Wednesday, August 27, 2008

Activity 15: Color Camera Processing

The task: to investigate colors from images taken with a digital camera and different white-balancing techniques/settings.

The following images were of different-colored nail polish on white paper under a fluorescent light, taken with a Sony Ericsson DSC-T10 digital camera with an Exposure Value of -1.
automatic white balance setting

"daylight" setting

"cloudy" setting

"fluorescent" setting

"incandescent" setting

"flash" setting

**As we can see, the "best" settings for the set-up are the automatic white balance and fluorescent settings,as it should be; these show the colors as they are perceived by my eyes (albeit darker because of the low EV setting). The daylight setting makes them look dull (to balance out the bright sunlight), while the cloudy setting appears to increase their saturation. The incandescent white balance setting is by far the worst, giving a bluish tinge to the colors, evidenced by the now-light-blue paper background; this is to cancel out the yellow-orange tinge incandescent light usually casts on everything. The flash setting has the same effect as that of the daylight setting, though it makes them even darker, this is because light from the camera's flash bulb would be more intense than the diffused sunlight outdoors.

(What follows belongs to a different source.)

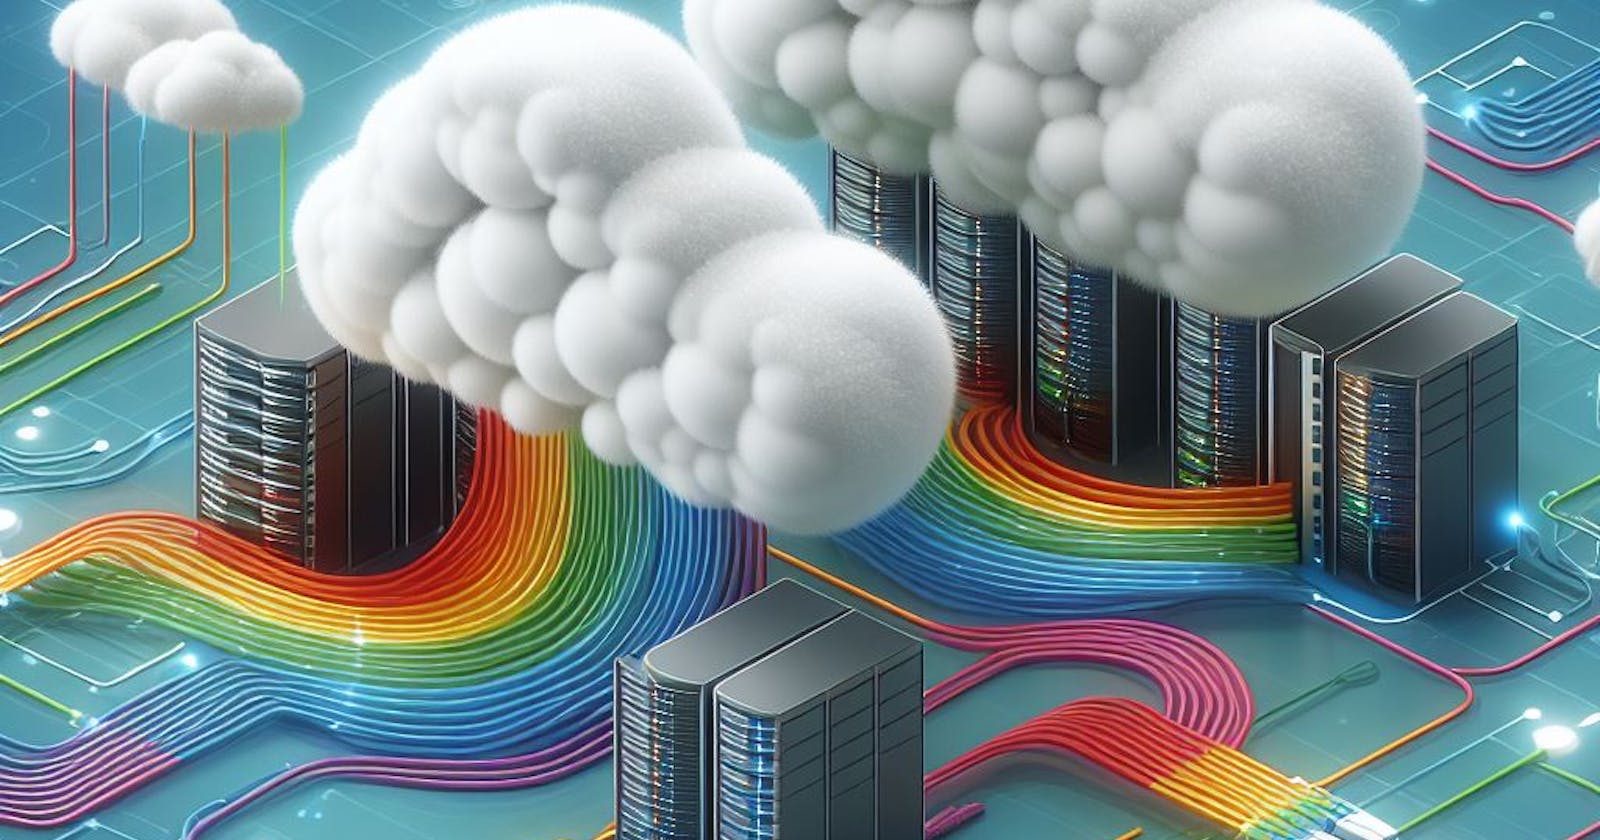 # Cloud Computing: A Simple Introduction

Next we use two popularly used automatic white balancing algorithms to enhance the most "wrongly balanced" image, which is of course the image taken using the Incandescent Light setting.

using the following code:
im=imread('act15v.jpg');

//im2=imread('white.jpg');

//r=mean(im2(:,:,1));
//g=mean(im2(:,:,2));

//b=mean(im2(:,:,3));

//im(:,:,1)=im(:,:,1)/r;

//im(:,:,2)=im(:,:,2)/g;
//im(:,:,3)=im(:,:,3)/b;

rg=mean(im(:,:,1));

gg=mean(im(:,:,2));

bg=mean(im(:,:,3));

im(:,:,1)=im(:,:,1)/rg;
im(:,:,2)=im(:,:,2)/gg;

im(:,:,3)=im(:,:,3)/bg;

imshow(im);

...the first (commented out) part employs the Reference White Algorithm. Basically, it takes the RGB values of a white reference part of the image and saves them as the variables r,g,b then divides the RGB layers of the image by the corresponding saved reference value. We obtained the following image:
image enhanced with Reference White Algorithm
**It effectively white balances the image, reverting the colors to more or less their real-world hues and shades. A few problems seen in the image include a few artifacts like the little dots on the paper and the big red ring on the bottom part which shouldn't be there, and the disappearance of the light yellow patch(7th from the last).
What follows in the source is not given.